Dataset extract:
◆ ◆ ◆ ◆
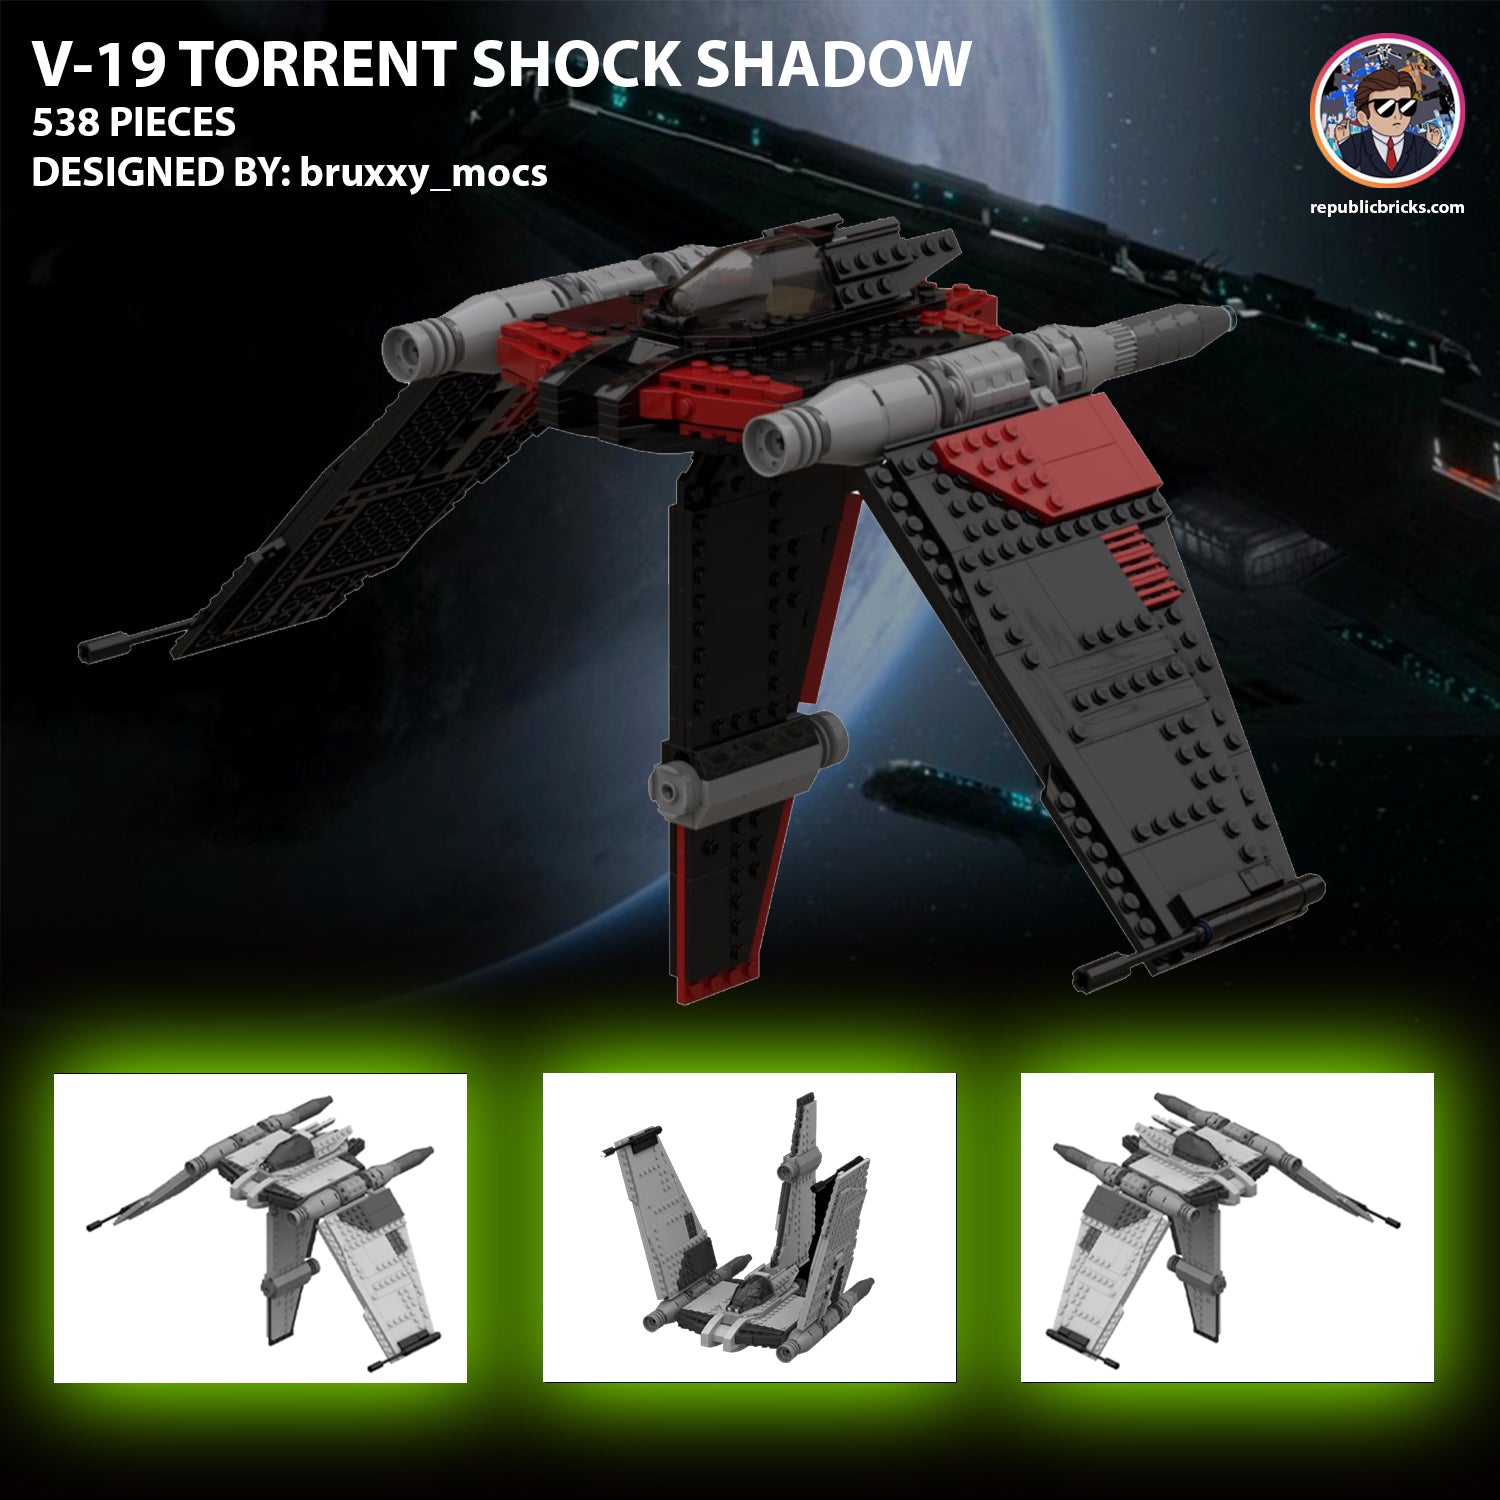 SHADOW SHOCK V-19 TORRENT
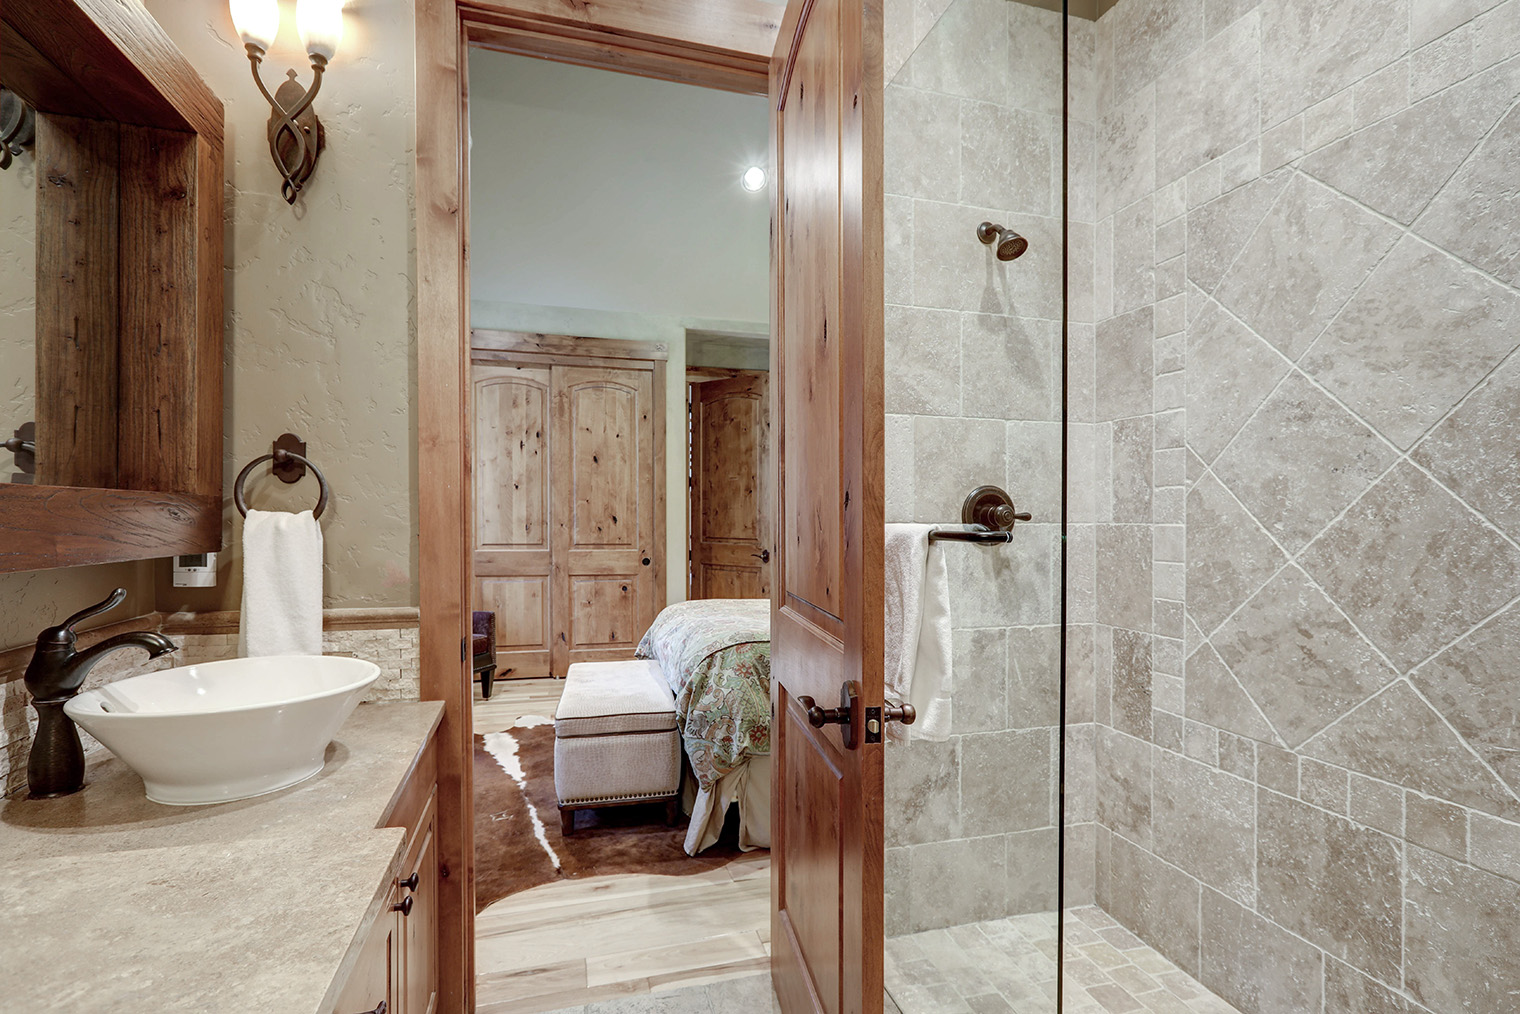 Хорошо, когда есть приватная ванная комната с доступом из спальни: не нужно ходить ночью через весь этаж. Фотография: Artazum / Shutterstock
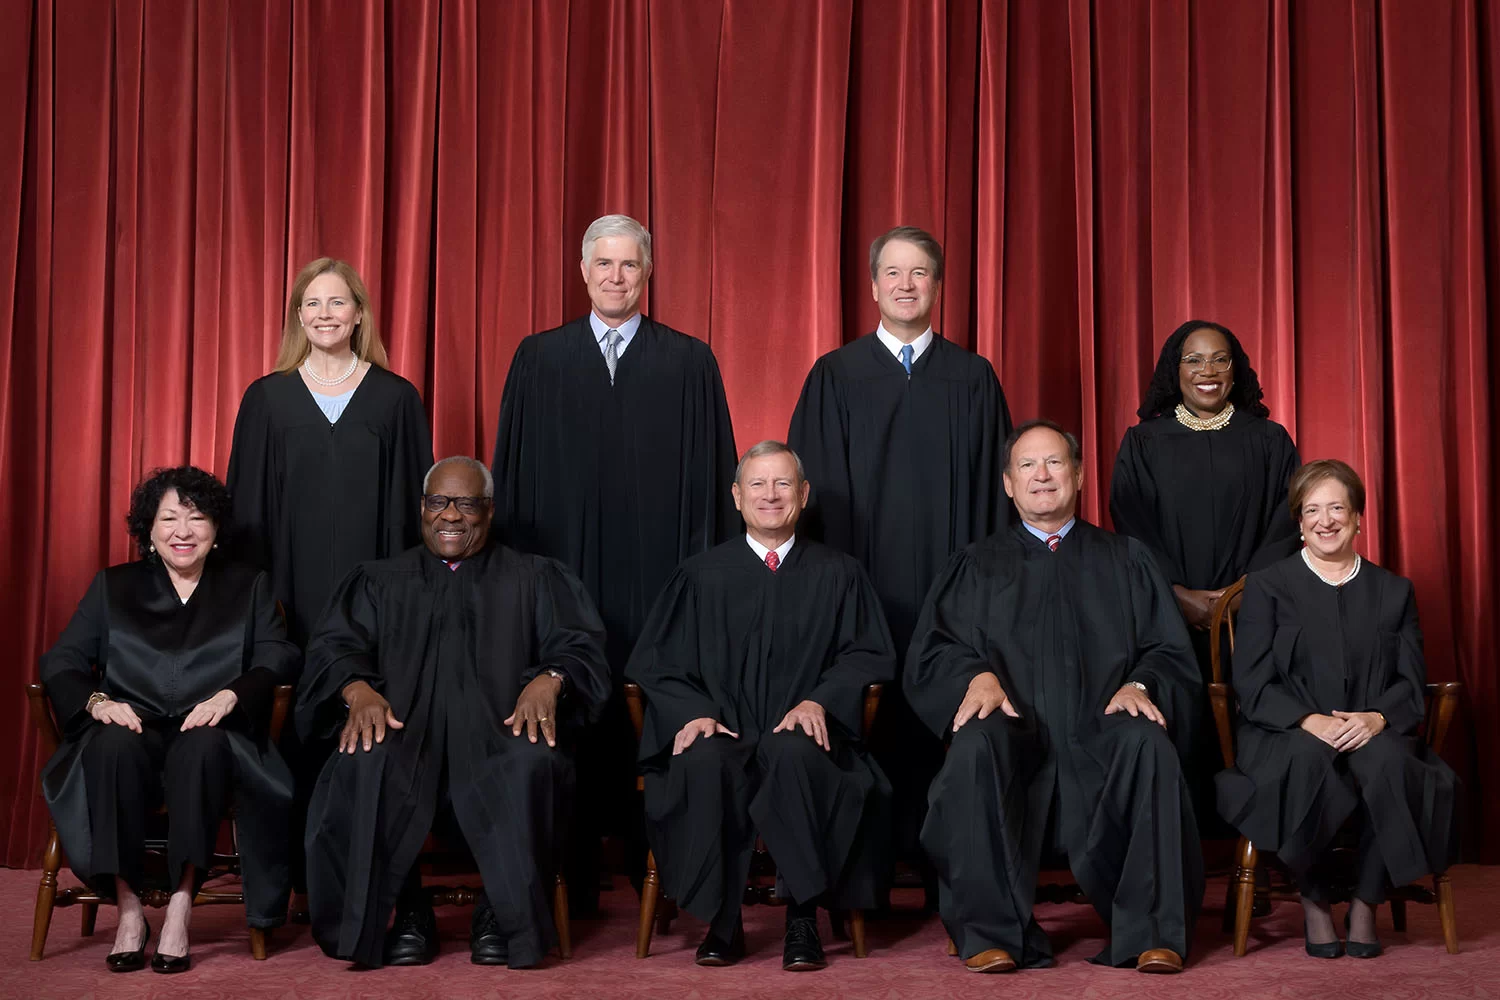 Elecciones de EEUU en manos del Tribunal Supremo, tres de sus nueve jueces fueron nombrados por Trump
◆ ◆ ◆ ◆
Please transcribe the whole listing above exactly, with the images left out.

Answer:
 SHADOW SHOCK V-19 TORRENT
 Хорошо, когда есть приватная ванная комната с доступом из спальни: не нужно ходить ночью через весь этаж. Фотография: Artazum / Shutterstock
 Elecciones de EEUU en manos del Tribunal Supremo, tres de sus nueve jueces fueron nombrados por Trump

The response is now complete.